As financial markets dance, though, lost in the QE trance music, massive questions now loom. The ECB has expanded its balance sheet 150pc during the five years since the sub-prime collapse. The Fed has overseen a 220pc ballooning of base money.
“Extraordinary measures” on this scale may be unprecedented but both look moderate compared to the Bank of England, which has implemented balance sheet growth of 370pc since the credit crunch began in earnest — the vast majority of it, in a bizarre form of circular financing, being used to buy government bonds.
How will these vast balances be unwound? What will happen to sovereign bond prices once governments stop self-buying? That will truly determine, rather than any “forward guidance”, just how long our central banks can keep interest rates “ultra-low”. And what will the reaction of currently spaced-out Western equity markets be once the sugar rush fades, reality hits and the money-printing ends? What happens when the QE music stops?
Some of us have posed such uncomfortable questions for years now — and been derided for our trouble. In recent weeks, the now vast scale of QE, and its broader collateral damage, have forced such issues into mainstream discourse. Flickering signs of returning Western growth have also brought official recognition that such measures may soon be hard to justify and that, to paraphrase Chuck Prince, things could indeed “get complicated”, when the lights come up and the QE party is over.
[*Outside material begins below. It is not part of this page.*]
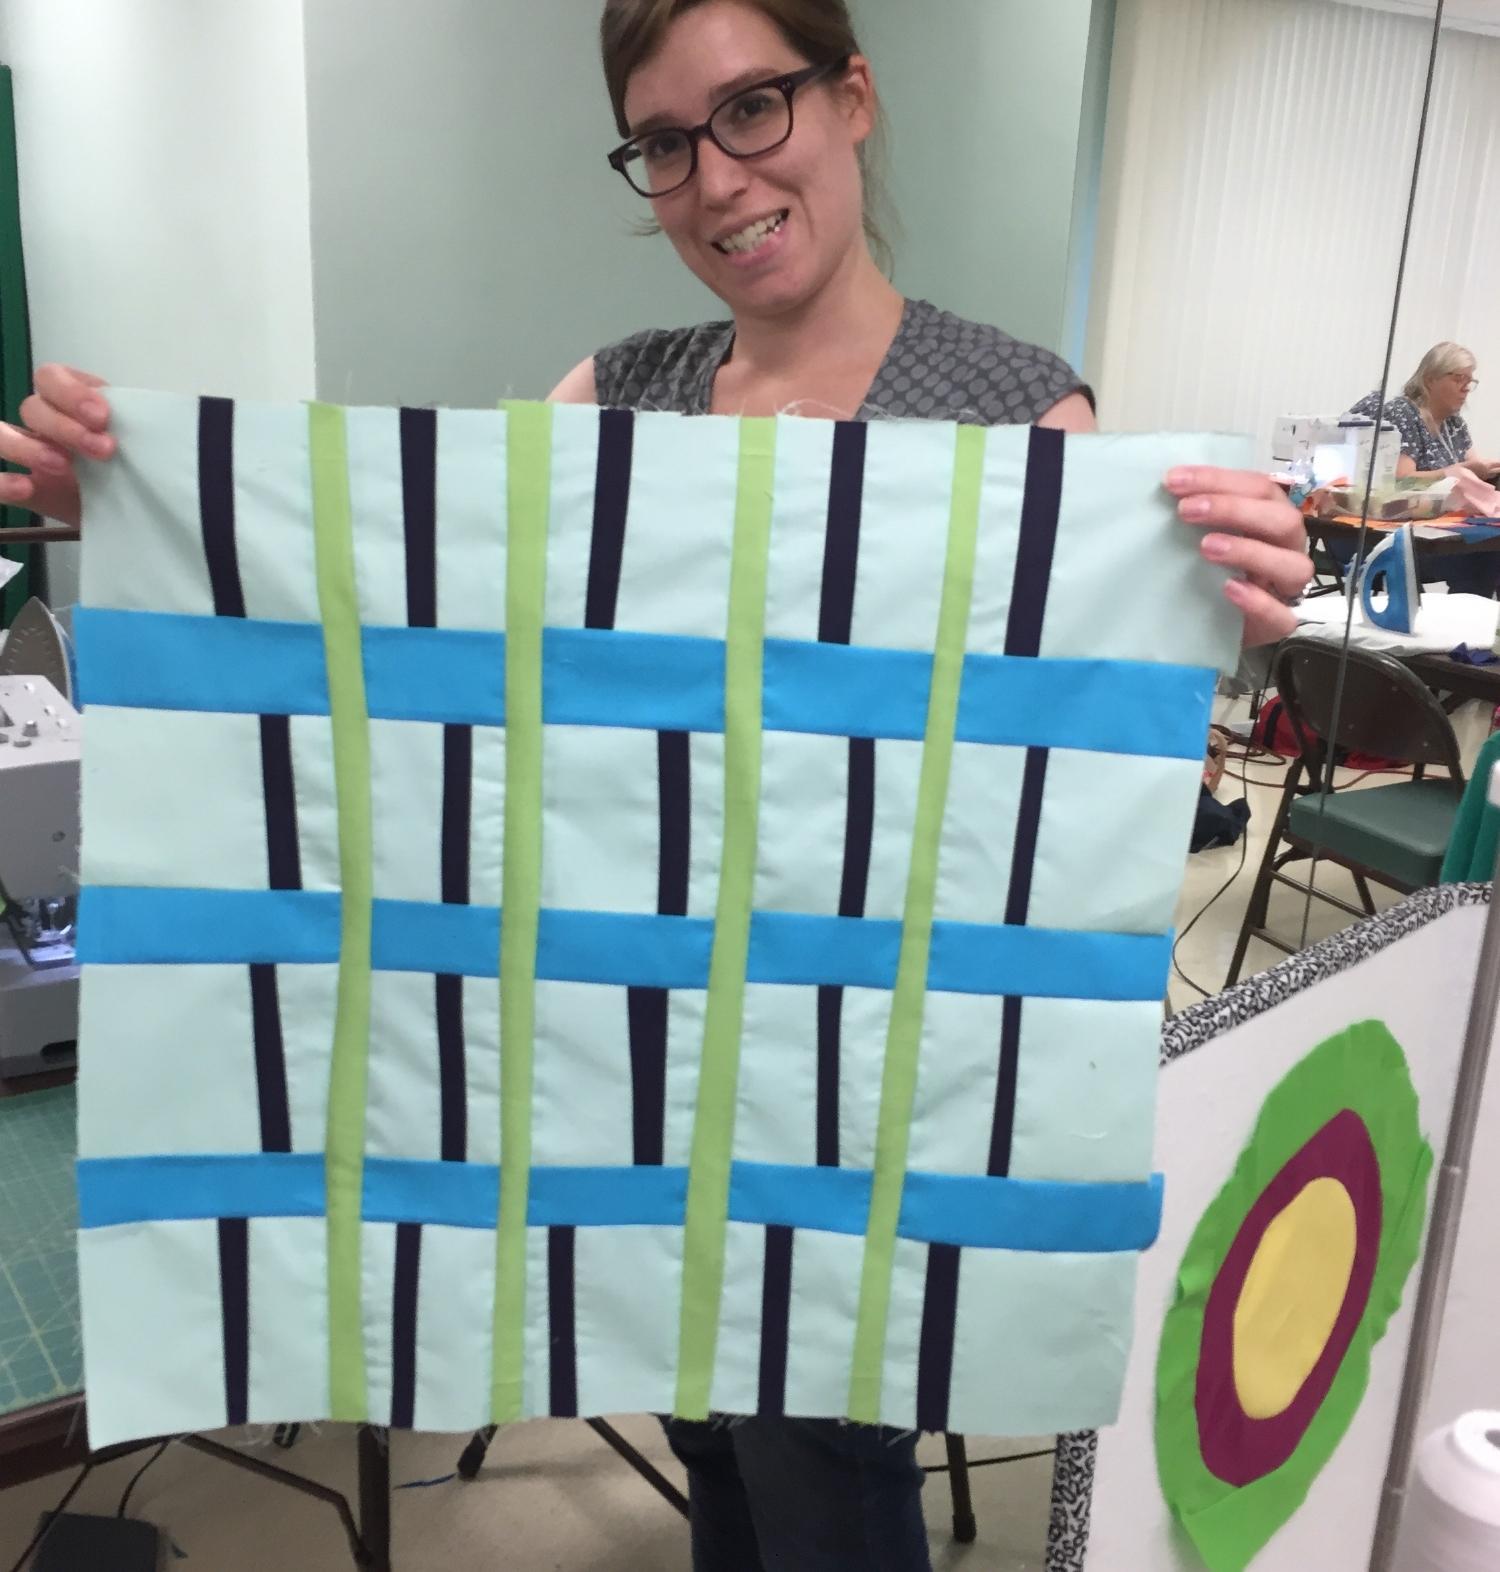 Kate Yates with plaid tartan

Last week, the International Monetary Fund (IMF) acknowledged that, having strayed into “uncharted waters”, central banks will find the QE exit “difficult to control”. The world’s leading economic watchdog recognised, in an official paper, that long-term interest rates could spike as investors demand higher yields to fund cash-strapped governments, with commercial credit risks also rising as higher rates make it harder for borrowers to service loans.
Presenting his final quarterly Inflation Report before his July retirement, the Bank of England Governor, Sir Mervyn King, also warned that post-QE complications mean that rates “may rise faster than current market expectations” of no increase until late 2016. The IMF also nodded to “diminishing returns” in continuing with QE. That states the case rather mildly. QE and the related slashing of interest rates to deeply negative real-terms levels has not only hammered pensioners and other savers but stored up a world of future inflationary pain.
With many large Western banks still moribund, and massive undeclared losses on their balance sheets, QE hasn’t resulted in more growth-generating working capital being extended to credit-worthy firms and households. It’s gone instead into asset markets, bidding up not only shares but also oil and basic foodstuffs on global exchanges.
That’s pleased the City and Wall Street but done serious real world damage. Expensive energy has made Western recovery much tougher, while soaring food costs have led to a wave of unrest across the developing world, arguably sparking the Arab Spring.
And, while we’re at it, QE has also deeply annoyed the governments of powerful Western creditors like China and Brazil. By inflating their currencies, our money-printing has harmed their exports. It’s also debased the dollar, pound and euro, so lowered the real value of what we owe.
That’s a principal reason why the World Trade Organisation is in turmoil, with the increasingly strident emerging powers in open revolt and the world economy suffering the first failure of a multilateral trade negotiation since the 1930s. So, yes, you could say that QE now has “diminishing returns”.
Given the massive regulatory mistakes that had already been made, no one is arguing that central banks shouldn’t have provided extra liquidity in the dark days of early 2009. Had they not, the Western financial system would have collapsed, causing economic and social chaos.
Yet that extra liquidity should have been strictly limited, heavily conditional and used as a buffer, allowing us to flush out the rotten banks, implement root-and-branch reforms and move on.
Instead, QE has become an open-ended life-support mechanism for living-dead “zombie banks”, a mask to cover up financial wrongdoing. It’s also become a comfort blanket for politicians, allowing most of them to delay the really tough fiscal decisions.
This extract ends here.